• Post category:Movies
  • Post last modified:November 21, 2021

Hunger

AN ODYSSEY, IN WHICH THE SMALLEST GESTURES BECOME EPIC AND WHEN THE BODY IS THE LAST RESOURCE FOR PROTEST. 

Director Steve McQueen’s feature film debut is an unusually uncomfortable and tangible journey inside the Maze prison and the 1981 hunger strike that killed IRA activist Bobby Sands. There have been many similarly themed screen portrayals (such as In the Name of the Father (1993)), but rarely have we come as close to experiencing the utter misery of not only the tortured prisoners but also the guards; the filmmakers create several striking, symbolic images. The story is simple but builds emotionally, especially when Sands begins his hunger strike. That part of the film is horrifying, with a remarkable performance by Michael Fassbender.

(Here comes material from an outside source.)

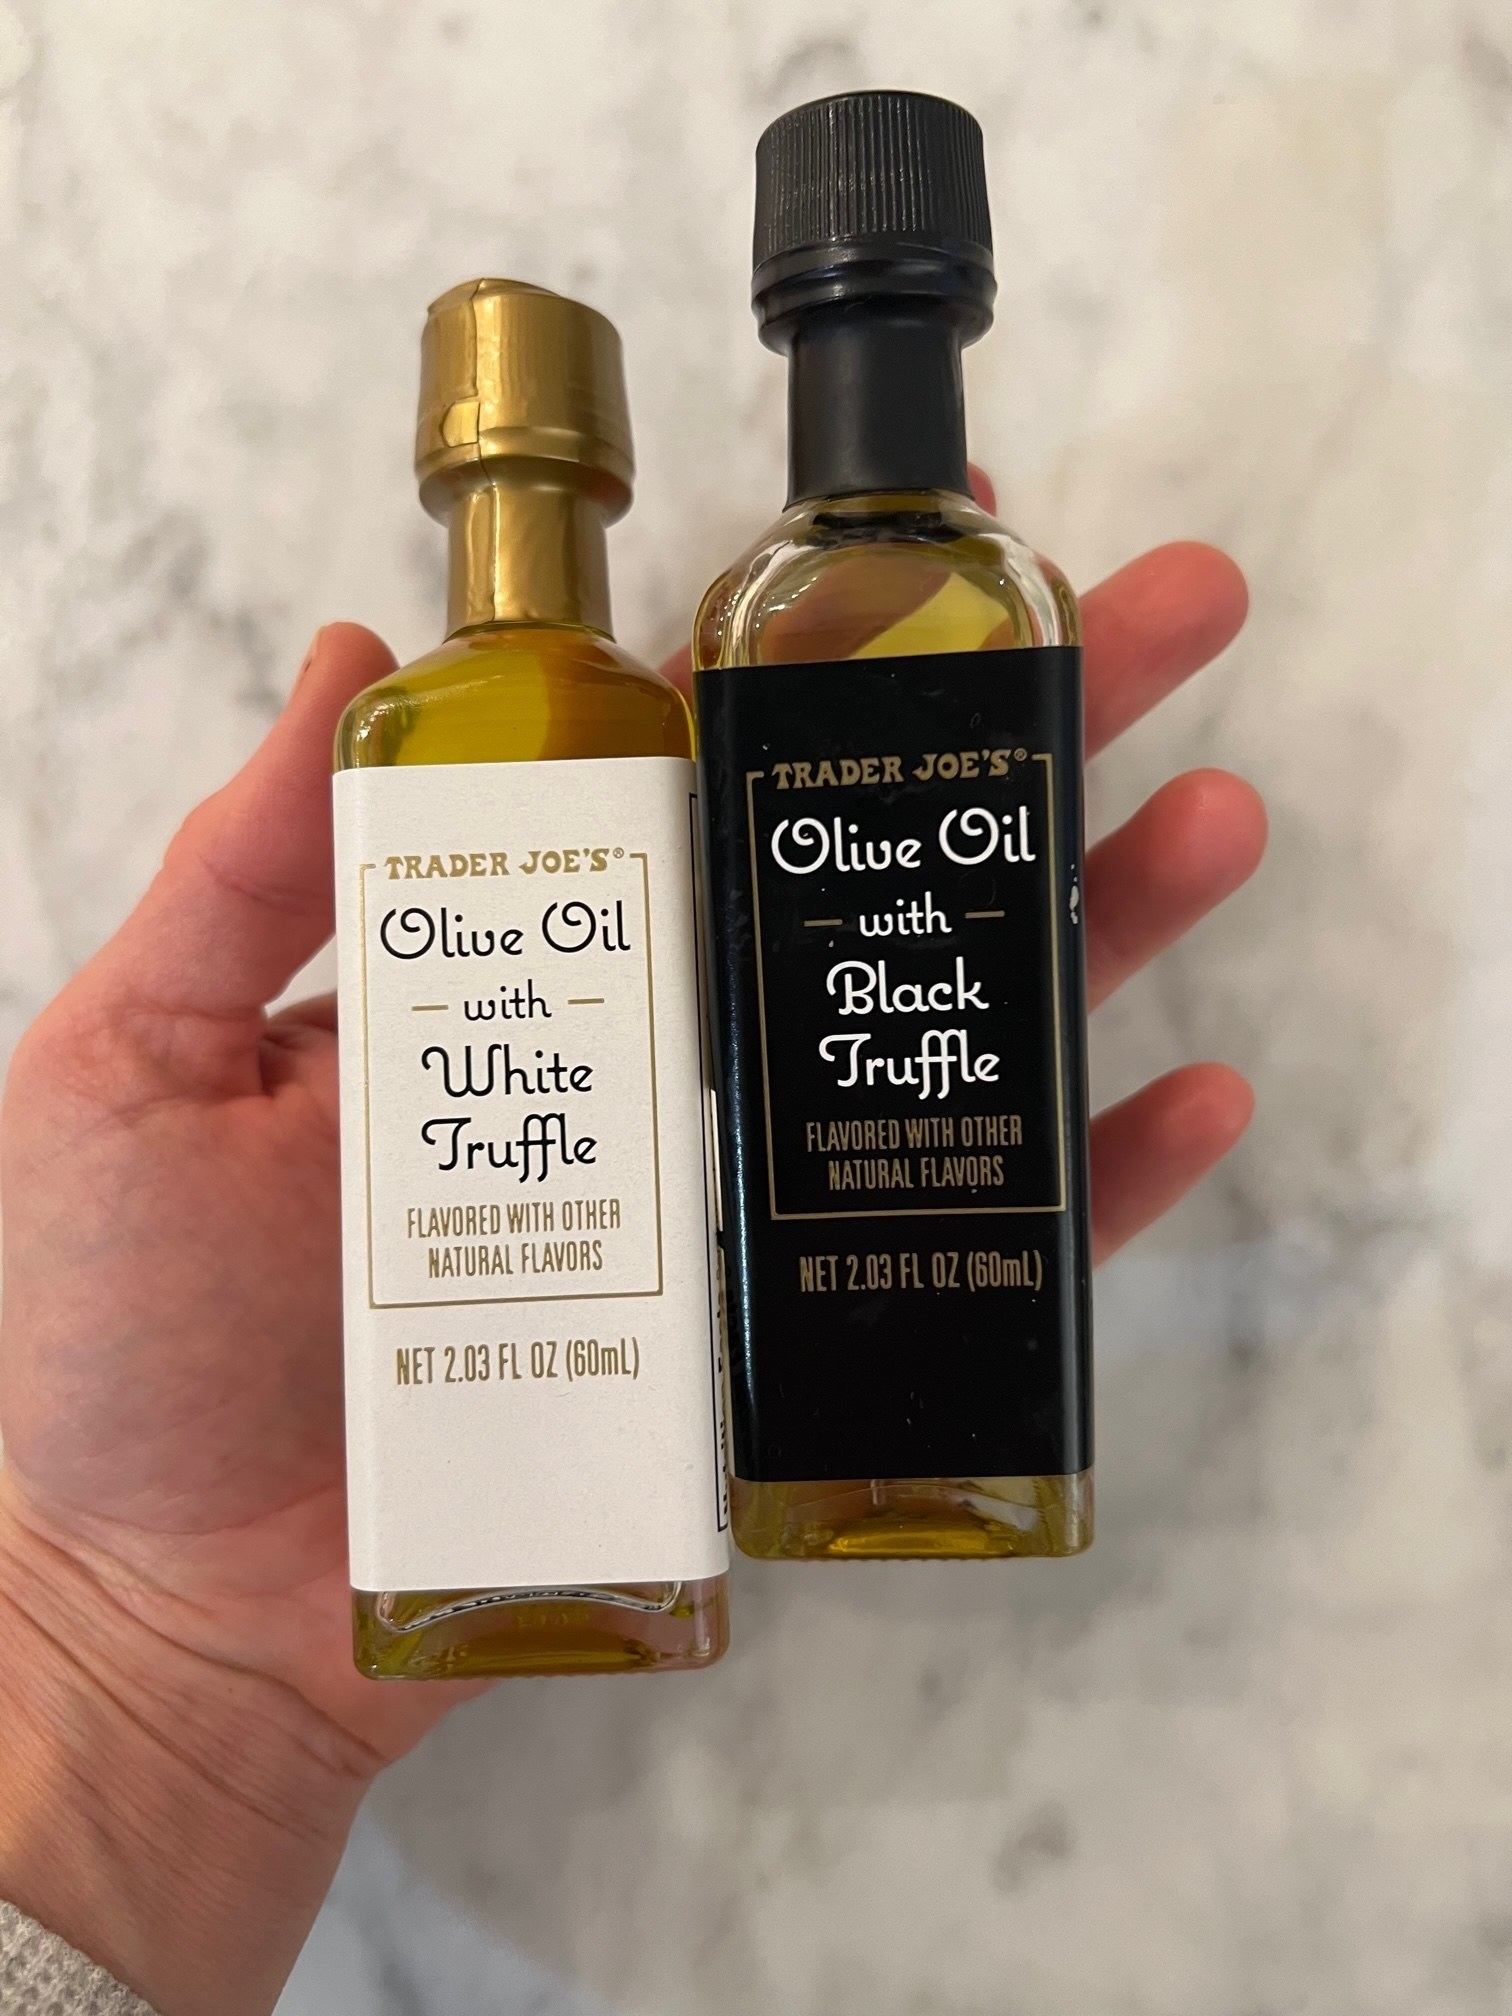 A hand holding two bottles of truffle olive oil

2008-Britain-Ireland. 96 min. Color. Widescreen. Produced by Robin Gutch, Laura Hastings-Smith. Directed by Steve McQueen. Screenplay: Enda Walsh, Steve McQueen. Cinematography: Sean Bobbitt. Cast: Michael Fassbender (Bobby Sands), Liam Cunningham (Dominic Moran), Stuart Graham (Raymond Lohan), Brian Milligan, Liam McMahon.

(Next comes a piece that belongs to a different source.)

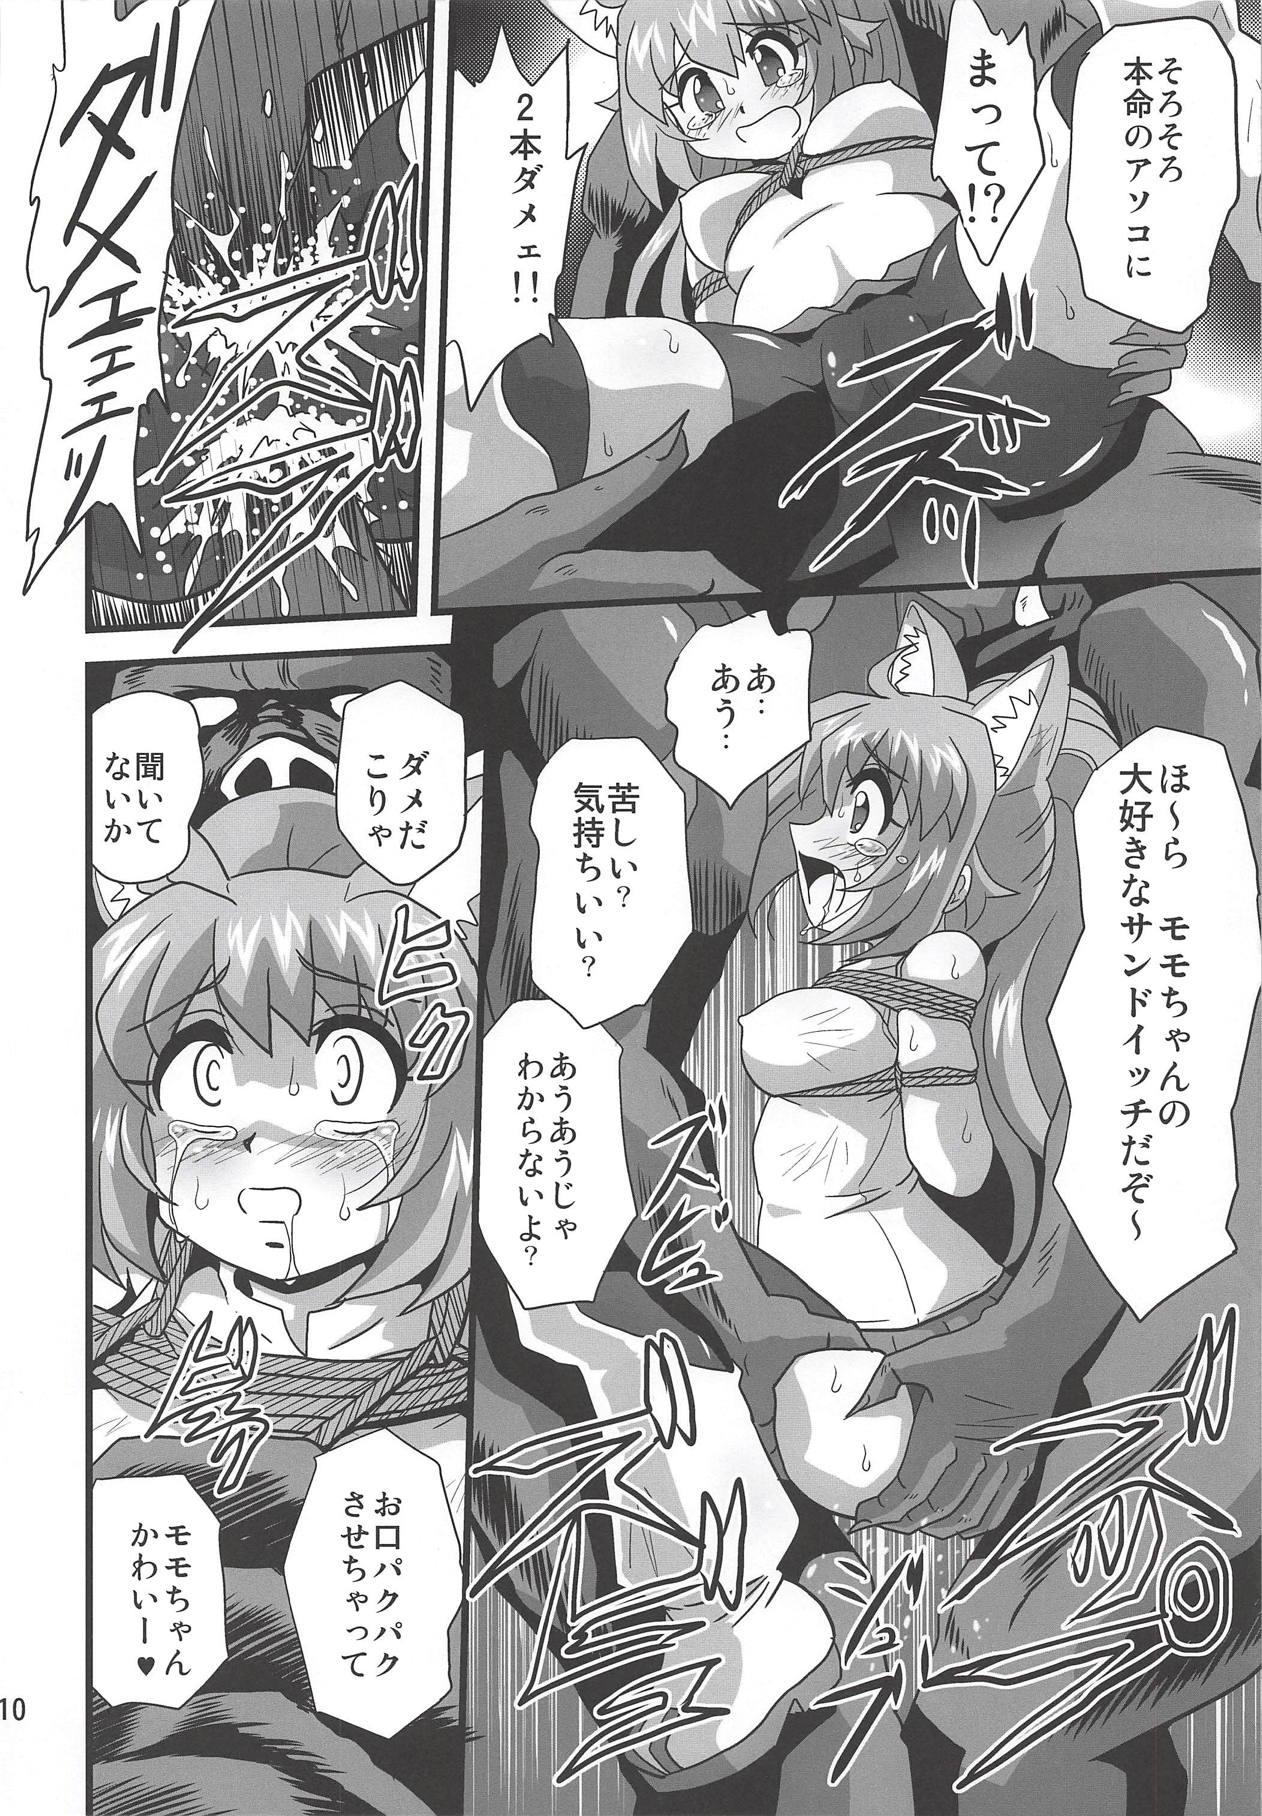 Girl Girl Diver's High 2 - Gundam build divers Mulher - Page 9

Last word: “It’s the whole idea of people incarcerated in a cell 24 hours a day, for four and a half years, and what they did to protest – using their excrement, using their urine, not washing. Using their body as a weapon – if that’s all you have, what do you do with it? Maximizing your resistance as such. That was interesting for me to show, visually, because it had never actually been filmed. The only videotape which actually survived of it is 90 seconds of footage. 90 seconds. So reconstructing this as film was very fascinating to me, and of course the political aspect was huge. Also the personal – what was it like to be naked in the cell for four and a half years – at what point do you get used to the excrement on the wall? At what point do you get used to waking up with maggots all over your body? The filth and the stench. These are the questions I wanted to raise, the images I wanted to look at.” (McQueen, Notebook)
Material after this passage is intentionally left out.